I didn’t hate the movie certainly, but it’s of an artsy style that mostly doesn’t connect with me.
This film is said to be based on Tolstoy’s short story The Forged Coupon. I haven’t read that story, but I have read a lot of Tolstoy, and this movie seems a million miles away from Tolstoy. As far as some of the themes it deals with, I suppose it might overlap with Tolstoy (and an enormous number of other serious writers), but stylistically I see zero Tolstoy here.
If I had to compare the minimalist, portentous, borderline surreal, at times incomprehensible style of this movie to any writer, it would be Camus. This film put me in mind of The Stranger, a work I’ve read twice and still have only a slight grasp of.
Counterfeit money is known to be floating around Paris, so people are on the lookout for it. Some snooty teenagers try to pass some counterfeit bills, getting some accepted at a photography shop. When the proprietor realizes what’s happened, he and his staff pass them on to a repairman, who eventually is the one to get caught by the police with the bills. He tells the police where he got the bills, but the people from the shop deny having ever even seen him before. (Wouldn’t there be some work order or something showing he did work on their building?)
The realization that he has been used sets him on a downward spiral into more serious crimes and a prolonged period of incarceration during which his wife leaves him.
Indeed, one of the messages of the film seems to be that wrongdoing is contagious in a sense, that the more you are a victim of, or collaborator with, or witness of wrongdoing, the more natural it is for your darker side to come to the surface and join in.
The people who are at least reasonably well off are able to buy their way out of trouble or have things overlooked when they get caught. Someone like the repairman is not so lucky.
Certainly there’s the potential for this to be an interesting and thought-provoking story, but the style prevents me from responding to it at a very deep level.

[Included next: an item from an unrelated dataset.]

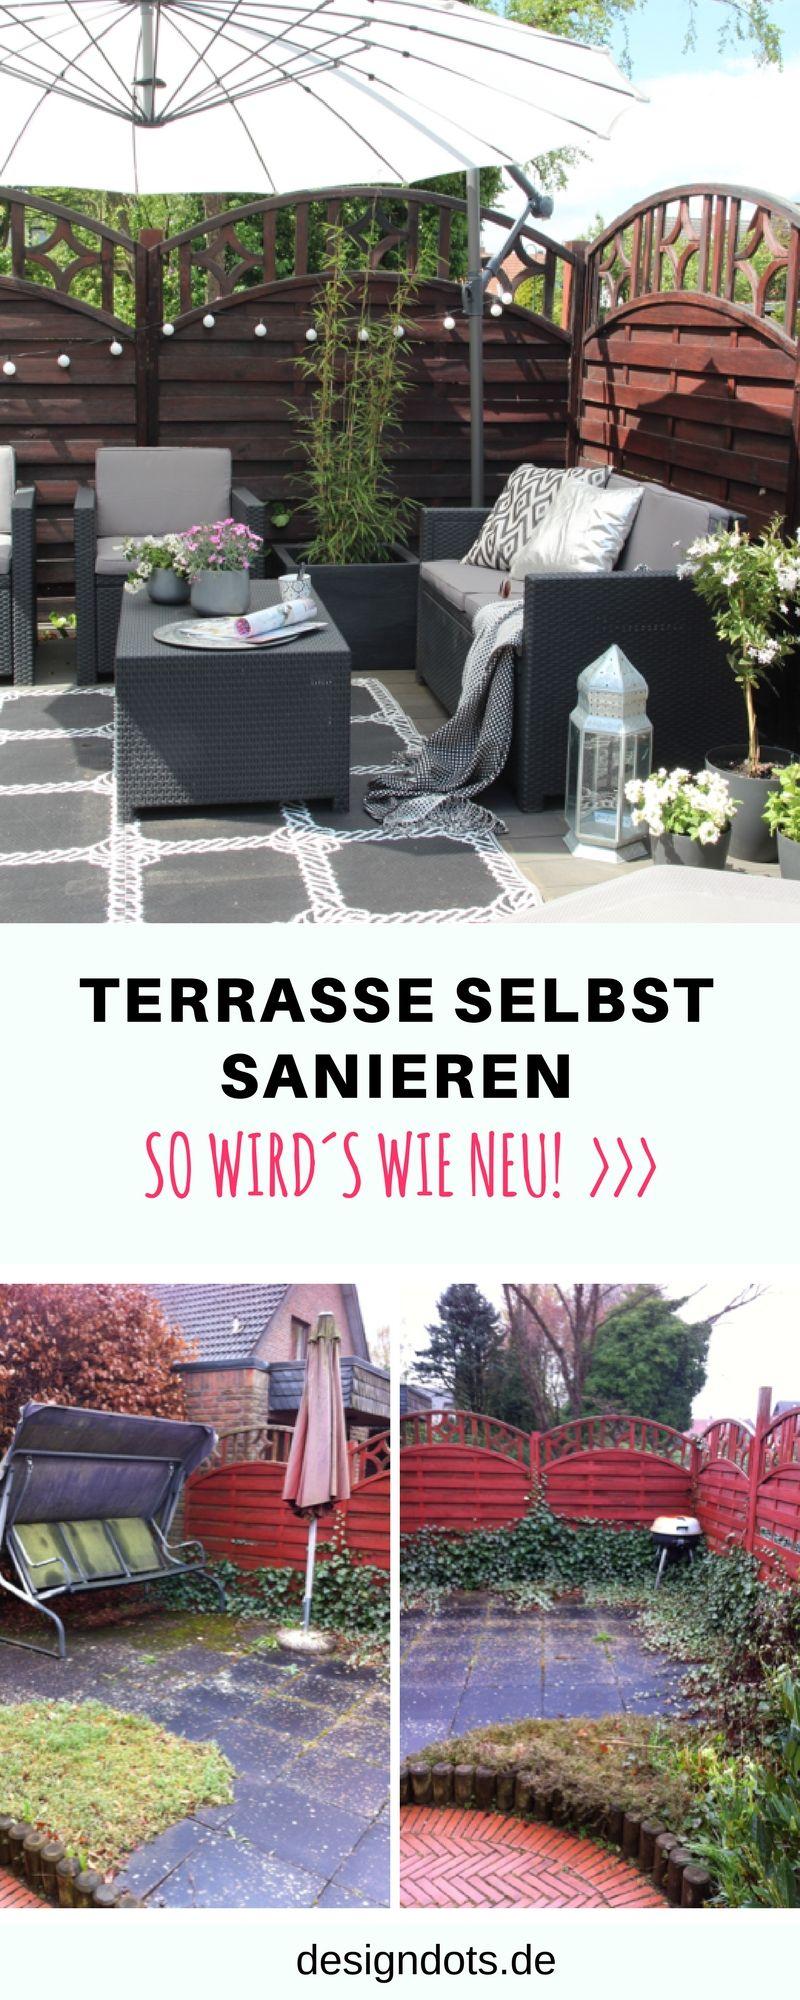 diy terrasse g nstig selber bauen gestalten und renovieren sichtschutz terrasse dekorieren. Black Bedroom Furniture Sets. Home Design Ideas

There’s minimal dialogue. There are lots of meaningful glances and people looking like all that they do and say is more important as a symbol of something else than as something to be taken literally as part of a coherent story.
The unconventional camerawork is mildly interesting as a novelty, but adds little to the movie other than obscurity. Routinely characters are shot so you can only see them from the neck down, or only see their legs and feet, or only see their arms and hands. The camera is generally stationary, and shots often start with no one in the frame, and then the characters walk into or through the frame.
It gives the film a slower, more mysterious, at times eerie feel. But for me at least, that’s not an improvement over just telling the story by showing regular people shot in regular ways saying the sorts of things that real people in these situations would say. But it’s, intentionally, simply not that kind of movie.
The final third of L’Argent especially is implausible, if taken in any kind of a literal way. I’m sure there are non-literal interpretations that make some sense of it—the repairman represents Death coming for people, or he represents some force of evil that people have created through their petty wrongdoing and now must be appeased by the sacrifice of innocents, or something—but I’ll leave that to the more highbrow viewers to figure out.
Some interesting issues, handled in a mostly slow and obscure way. Just not my kind of movie.